You really need to determine the correct pitching rate using a calculator like yeastcalc or MrMalty. How large a batch, the OG and age of the yeast will determine the quantity. 32oz is almost certainly going to be too much yeast to put into a starter and I would consider rinsing and storing some if you think it is going to be used in future. I would be guessing about 50ml of thick yeast into a 2L starter might be the sort of yeast volume your calculator would suggest for a 5gallon batch.
 
you don't need to do anything to it. i find that about 1/4 cup of slurry into a 1050-1060 beer to be about right. just bring it to whatever temp the wort is and pitch, no need for a starter or washing. the reason i get yeast from the brewery is to avoid making starters, you already have many trillions of yeast cells in that growler.
 
Thanks for the replies and I'm glad I posted this question before dumping the whole thing into my wort.
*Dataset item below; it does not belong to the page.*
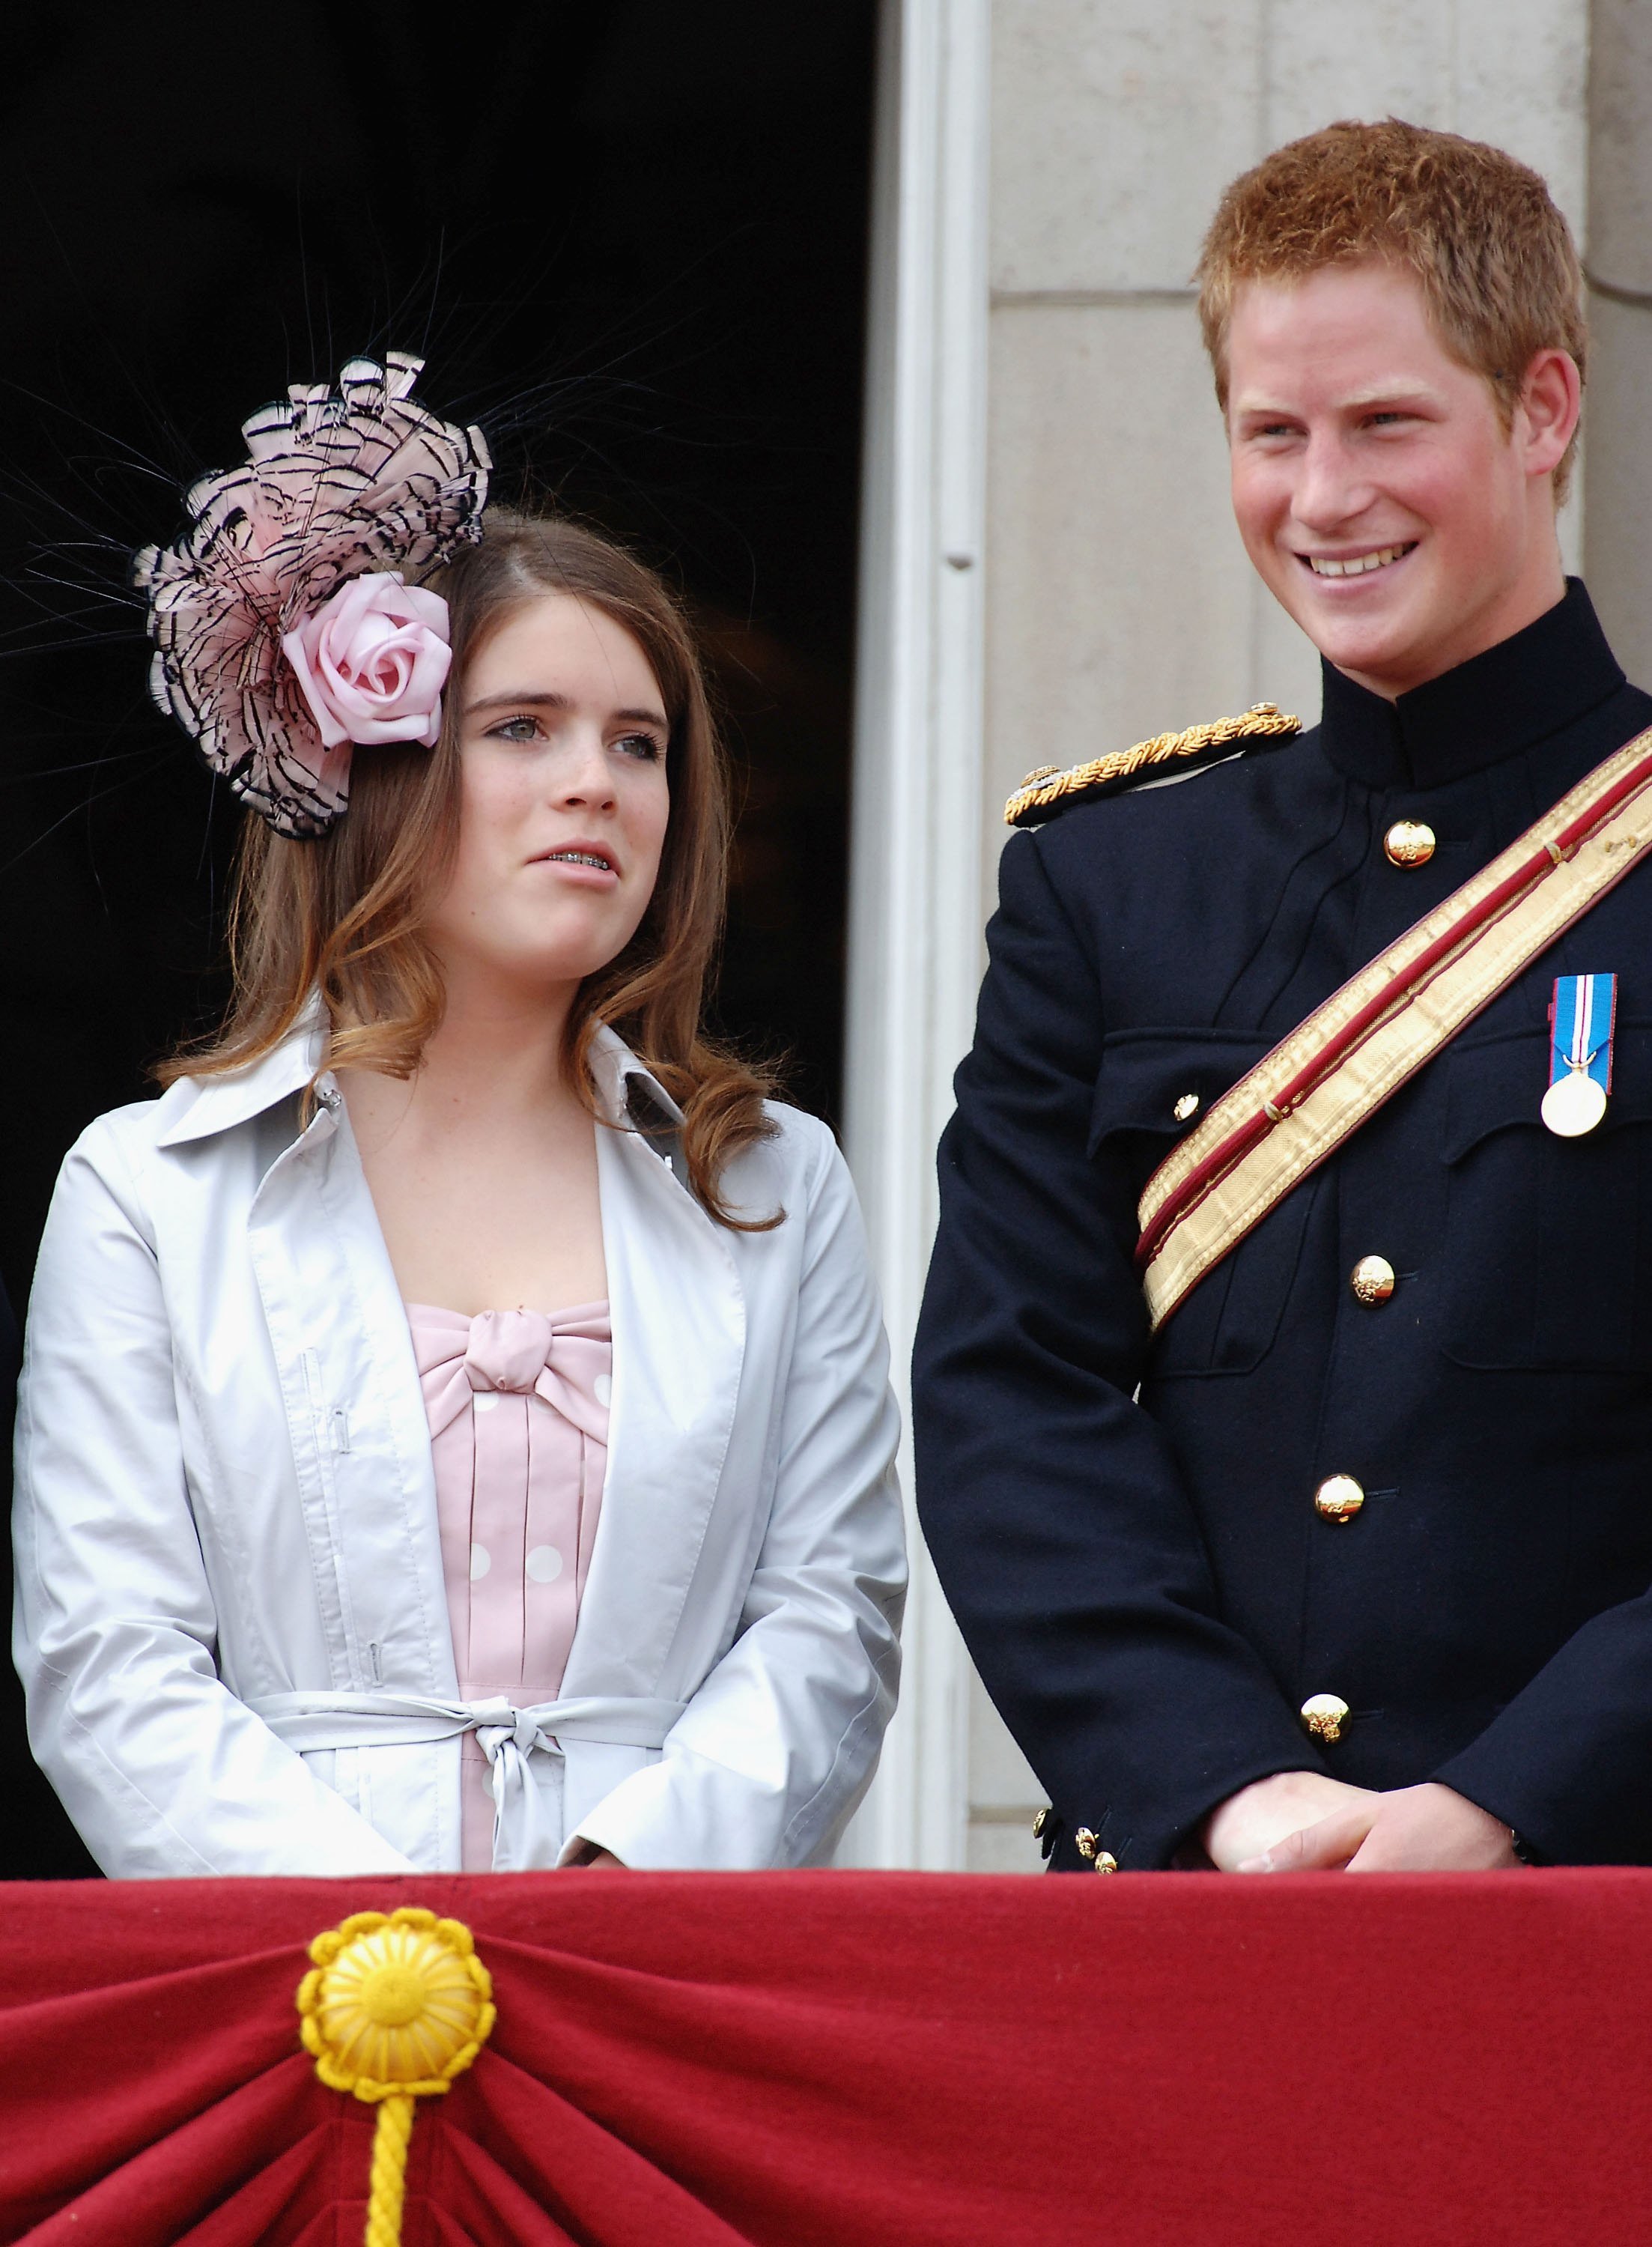 Princess Eugenie and Prince Harry during the Queen's Birthday Parade and Trooping The Colour at Buckingham Palace on June 17, 2006, in London, England. | Source: Anwar Hussein/Getty Images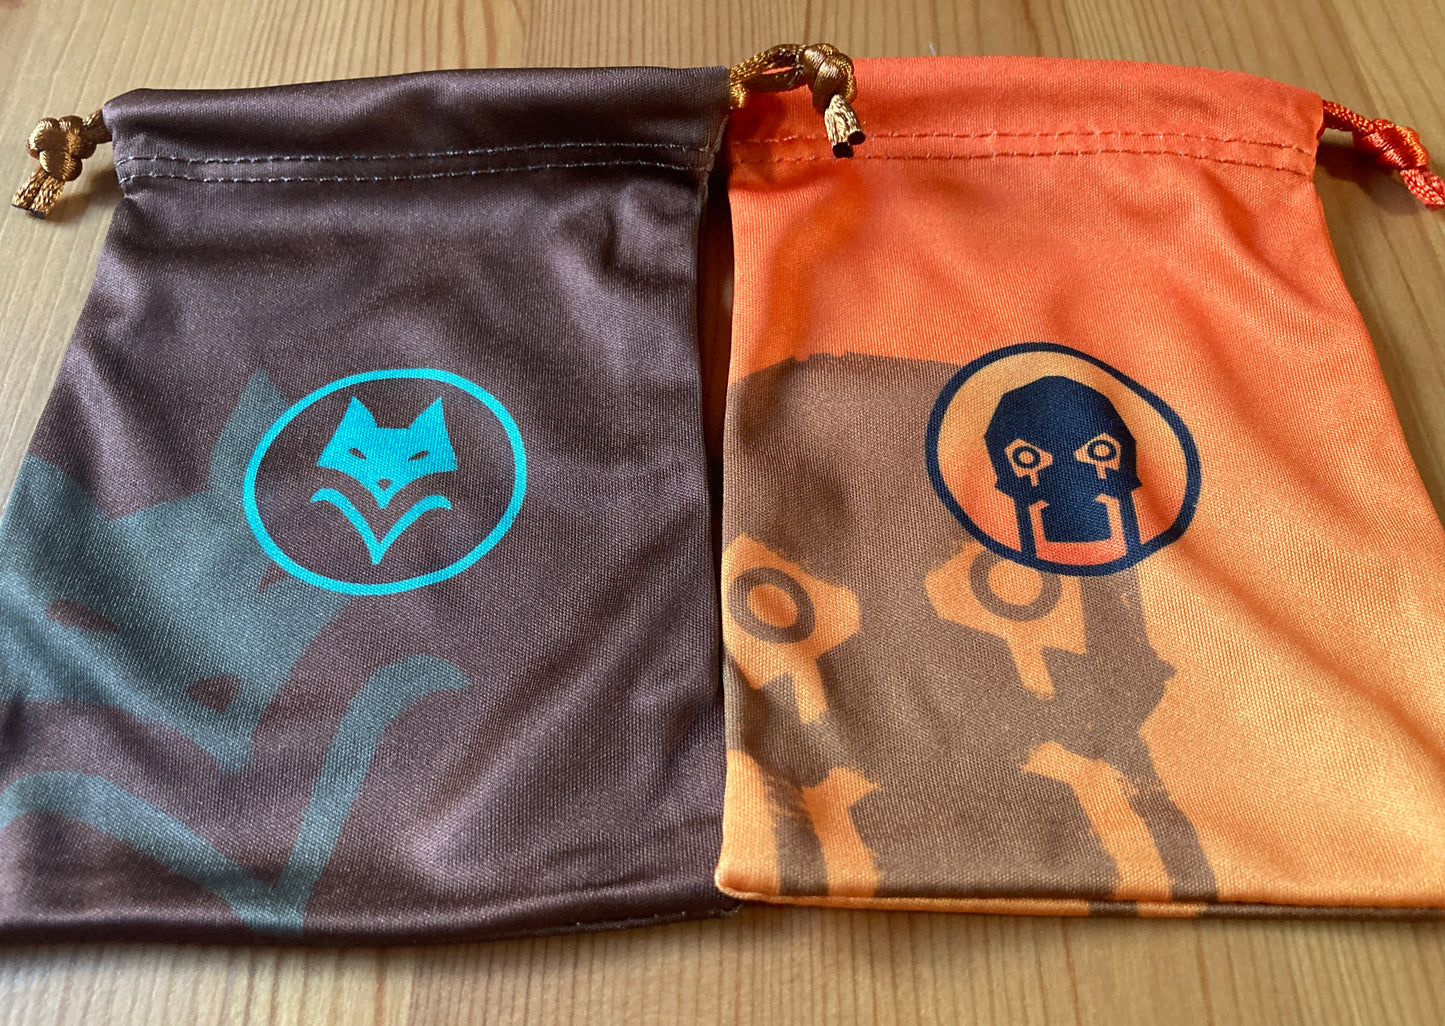 Closer angle view of both of the bags included with this Scythe 2 Rise of Fenris Expansion Bags accessory.

Now I just need to figure out what to do with the rest of the yeast. el caro, you say I need to rinse the yeast bfore storing it? I guess I will look into doing something like that.
 
i store yeast right from the fermentor into a jar, no washing and it's good for months.
 
eastoak said:
you don't need to do anything to it. i find that about 1/4 cup of slurry into a 1050-1060 beer to be about right. just bring it to whatever temp the wort is and pitch, no need for a starter or washing. the reason i get yeast from the brewery is to avoid making starters, you already have many trillions of yeast cells in that growler.

I agree with this guy. The whole reason to do yeast starters is to grow yeast from a small amount (because it's cheaper) up to the correct amount for your wort.
You already have trillions of yeast cells, so why take a small amount of it and build it up again?